Ein russischer Angriff auf ein zivilies Unternehmen in Odesa am Nachmittag des 20. Juli forderte drei Todesopfer und acht Verletzte. Die Stadt rief den 21. Juli zum Trauertag aus.
Am Nachmittag des 20. Juli griff Russland eine Infrastrukturanlage in Odesa an – ein ziviles Unternehmen, bei dem Ausrüstung in Brand geriet und eine Gasleitung beschädigt wurde. Bis zum späten Abend war die Zahl der Todesopfer auf drei gestiegen, acht Menschen wurden verletzt. Die Stadt rief den 21. Juli zum Trauertag für die Getöteten aus. Volunteers Support Ukraine hält es für wichtig, jeden solchen Fall festzuhalten – nicht als Statistik, sondern als Erinnerung an den Preis, den die Zivilbevölkerung einer frontnahen Stadt Tag für Tag zahlt.
Nach Angaben von Serhij Lysak, Leiter der Stadtmilitärverwaltung Odesa, griff der Feind ein ziviles Unternehmen an, wodurch ein großer Brand ausbrach, der Ausrüstung und Maschinen erfasste. „Zu diesem Zeitpunkt wissen wir leider bereits von drei Todesopfern infolge des feindlichen Angriffs auf die Stadt. Die Such- und Rettungsaktion läuft noch", teilte er kurz nach dem Angriff mit. Die Zahl der Verletzten stieg später auf acht. Mehr als 80 Einsatzkräfte des Staatlichen Katastrophenschutzdienstes wurden zur Bewältigung der Folgen eingesetzt und arbeiteten unter erschwerten Bedingungen aufgrund der hohen Brandlast.

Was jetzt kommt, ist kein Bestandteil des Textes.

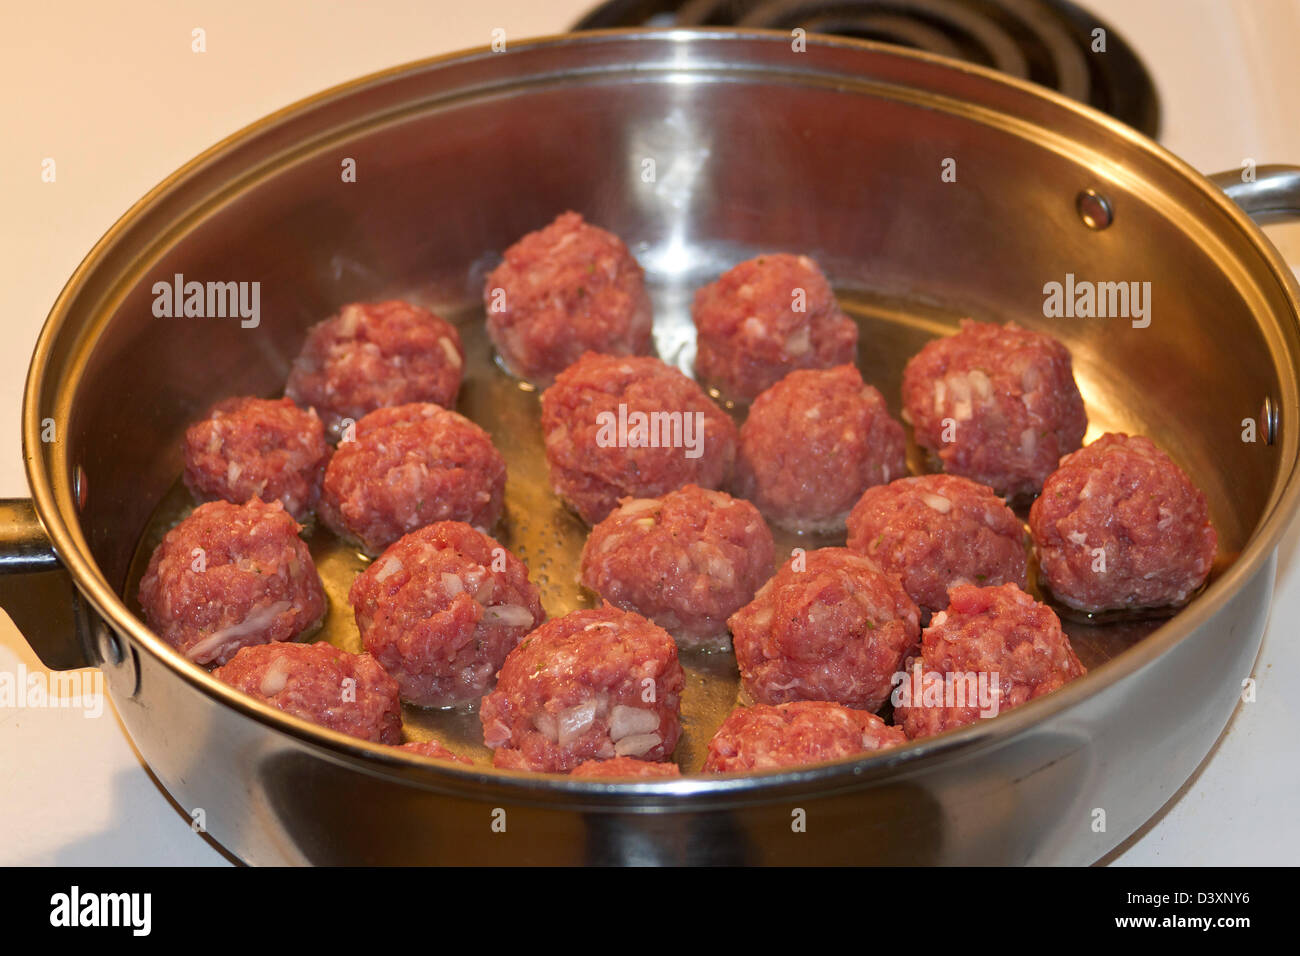 A frying pan with meatballs being fried in oil Stock Photo

Nach Angaben von Gebietsgouverneur Oleh Kiper haben russische Angriffe auf die Region allein im Juli 28 Menschenleben gefordert. Die Hafenstadt, weiterhin einer der wichtigsten Logistikknotenpunkte der Ukraine für Getreideexporte, steht den ganzen Monat über regelmäßig unter Raketen- und Drohnenbeschuss – der Hafeninfrastruktur, Schiffe vor der Küste und zivile Objekte in der Stadt selbst trifft.

Jeder solche Angriff ist keine abstrakte Zahl in einer täglichen Opferstatistik – dahinter stehen Rettungskräfte, die stundenlang in verrauchter Luft Trümmer räumen, und Familien, die abends jemanden vermissen, den sie lieben. Volunteers Support Ukraine ist überzeugt: Je mehr Aufmerksamkeit die Welt solchen Geschichten schenkt, desto schwerer wird es für den Aggressor, Terror gegen Zivilisten als bloßen „Kollateralschaden" der Kampfhandlungen abzutun.

Die NGO Volunteers Support Ukraine hilft weiterhin Menschen, die vom Krieg betroffen sind, so gut es die verfügbaren Mittel erlauben – denn hinter jedem solchen Trauertag stehen reale Menschen, die genau jetzt Unterstützung brauchen.